## Your instructions:
Would you retype the listing below word for word, without any of its pictures?

## Supplied material:
◆ ◆ ◆ ◆

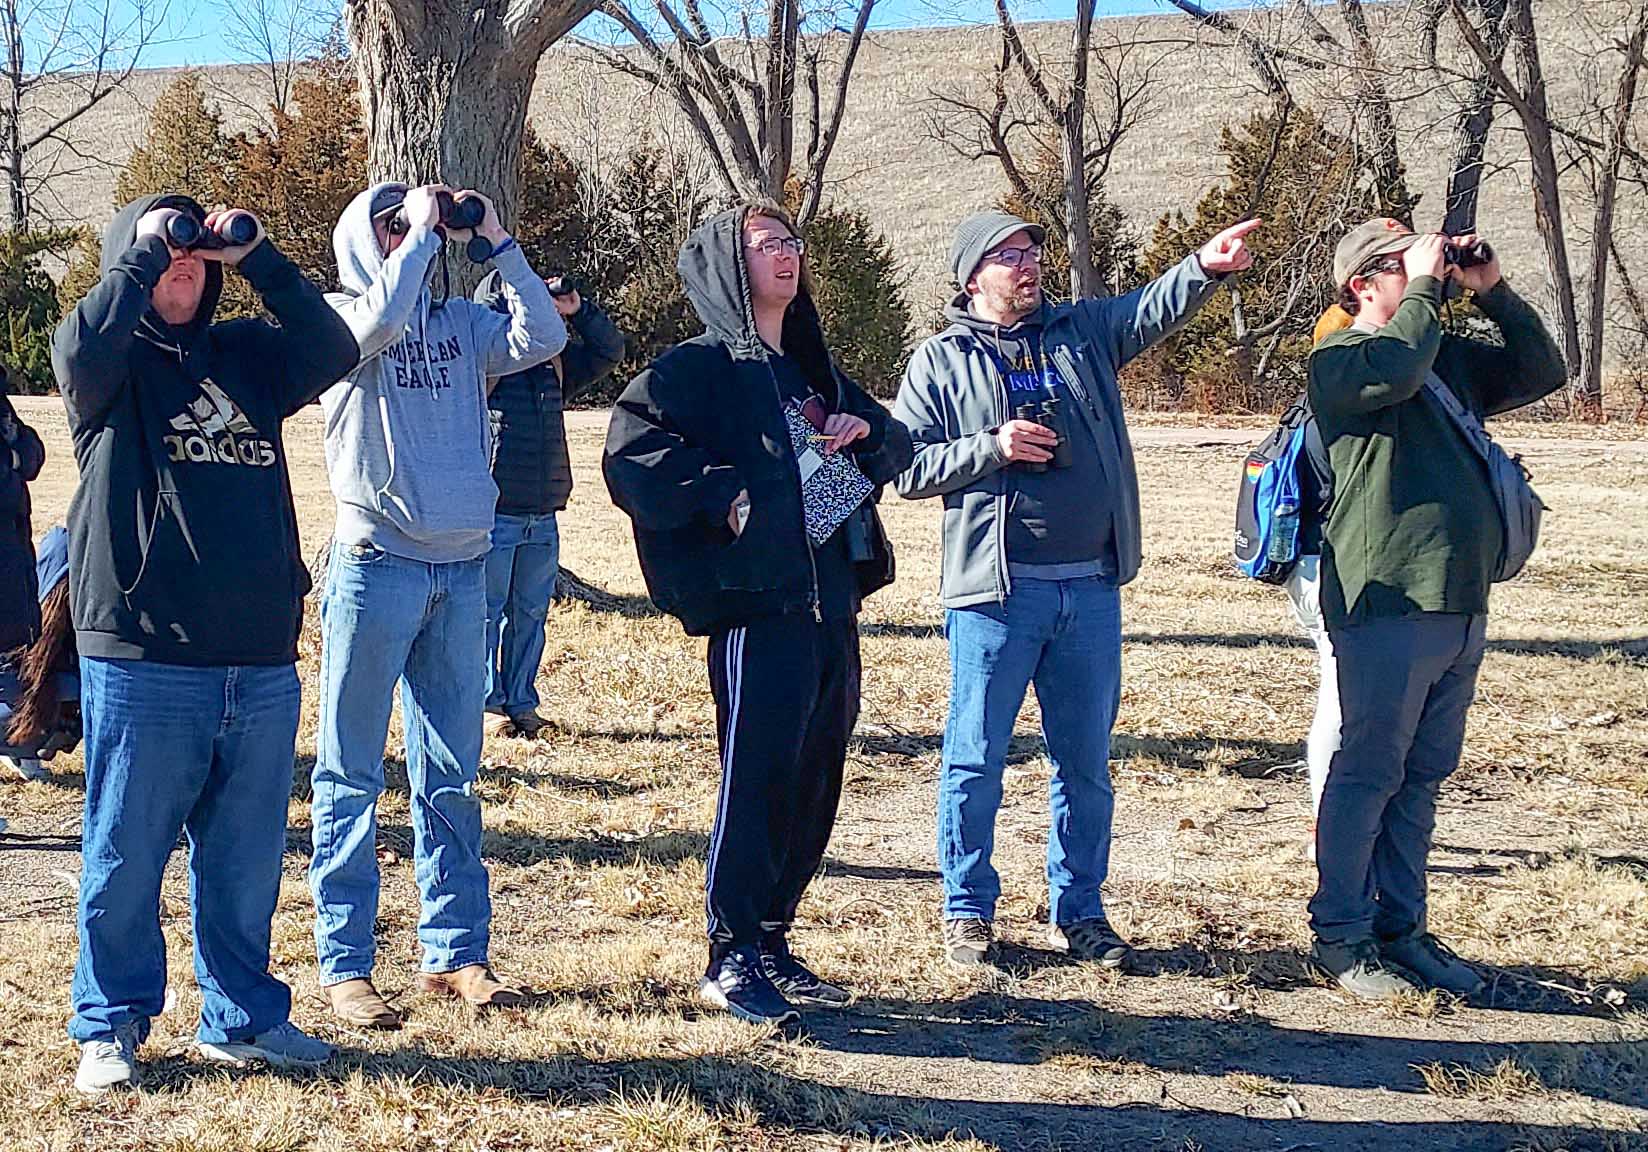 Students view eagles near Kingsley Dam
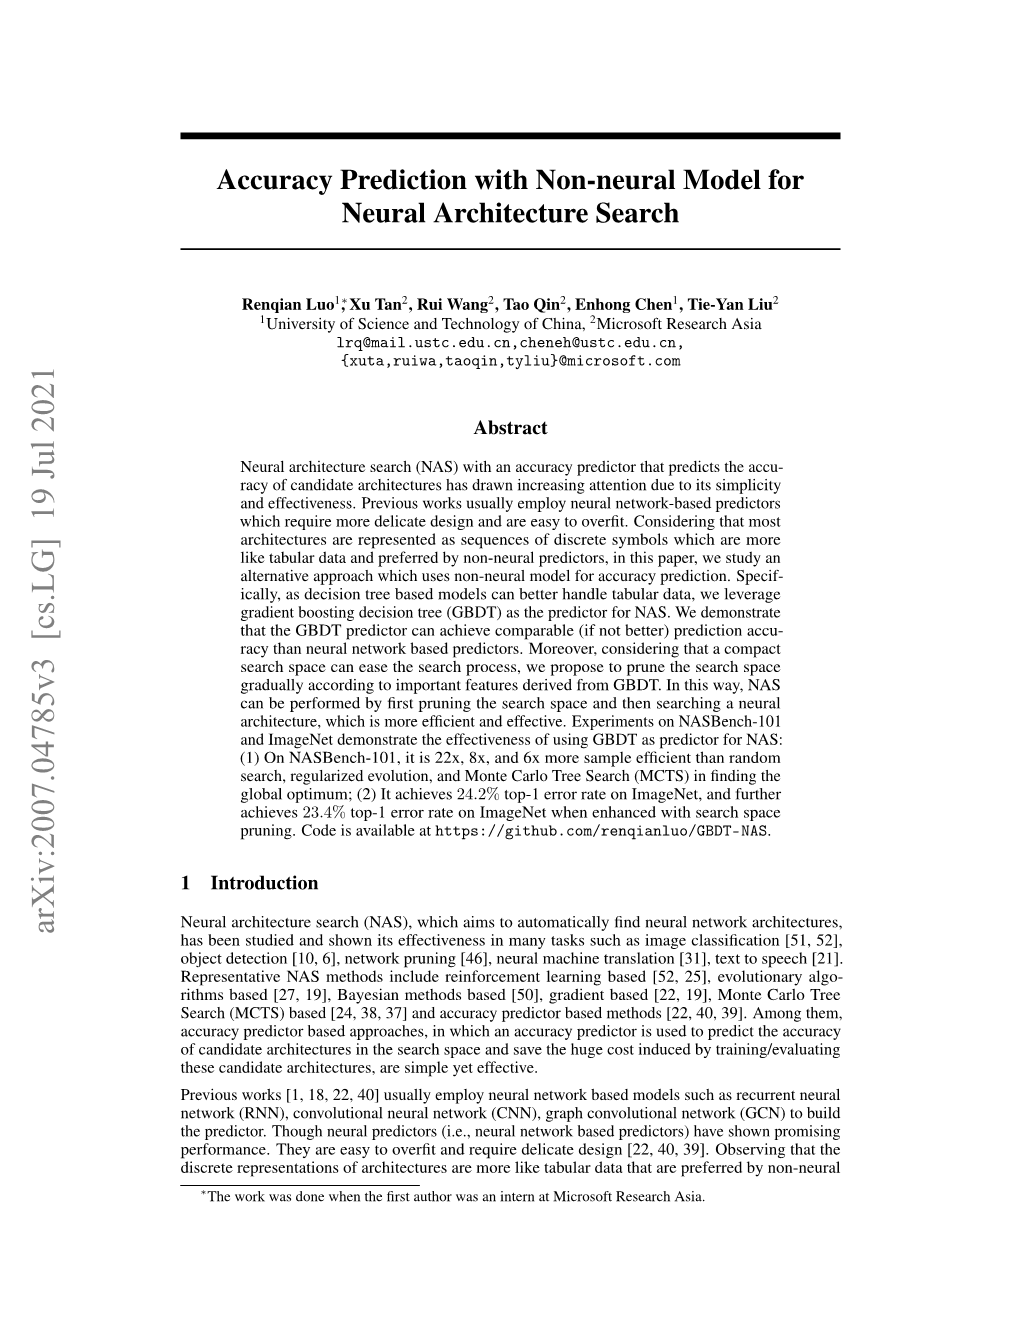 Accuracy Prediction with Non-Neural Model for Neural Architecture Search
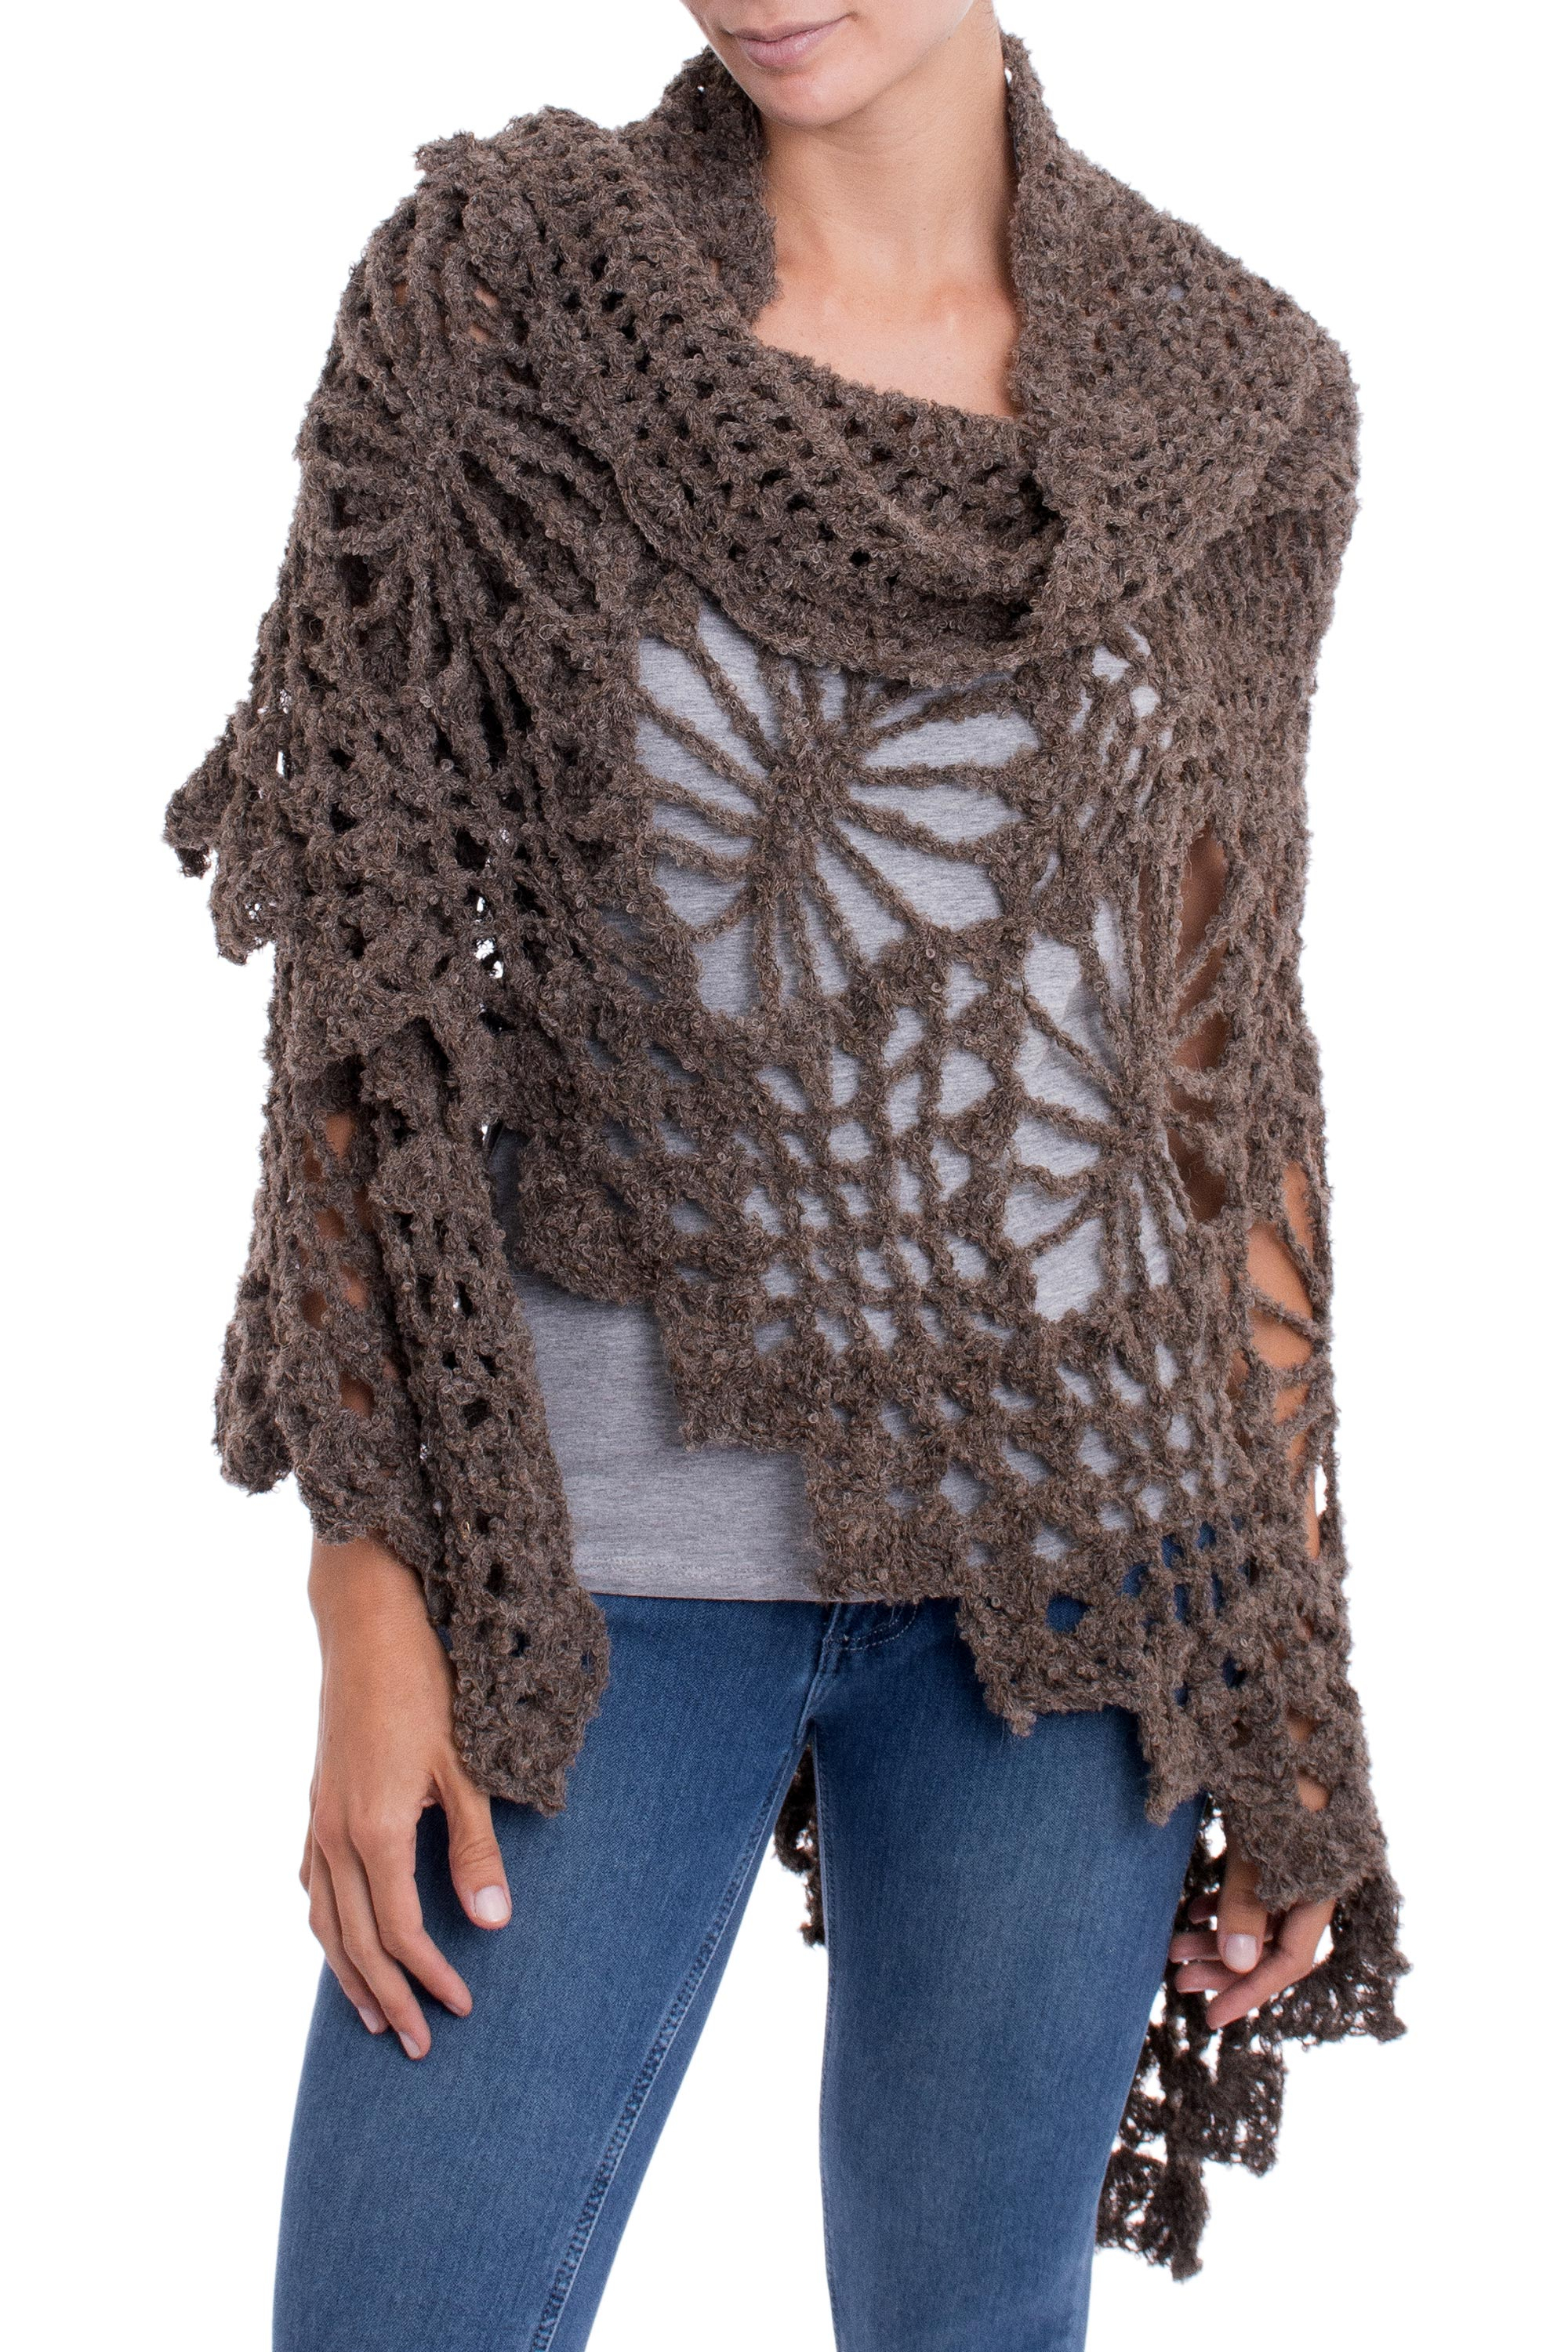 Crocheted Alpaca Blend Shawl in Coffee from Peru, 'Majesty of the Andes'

◆ ◆ ◆ ◆

## Response to the exercise:
 Students view eagles near Kingsley Dam
 Accuracy Prediction with Non-Neural Model for Neural Architecture Search
 Crocheted Alpaca Blend Shawl in Coffee from Peru, 'Majesty of the Andes'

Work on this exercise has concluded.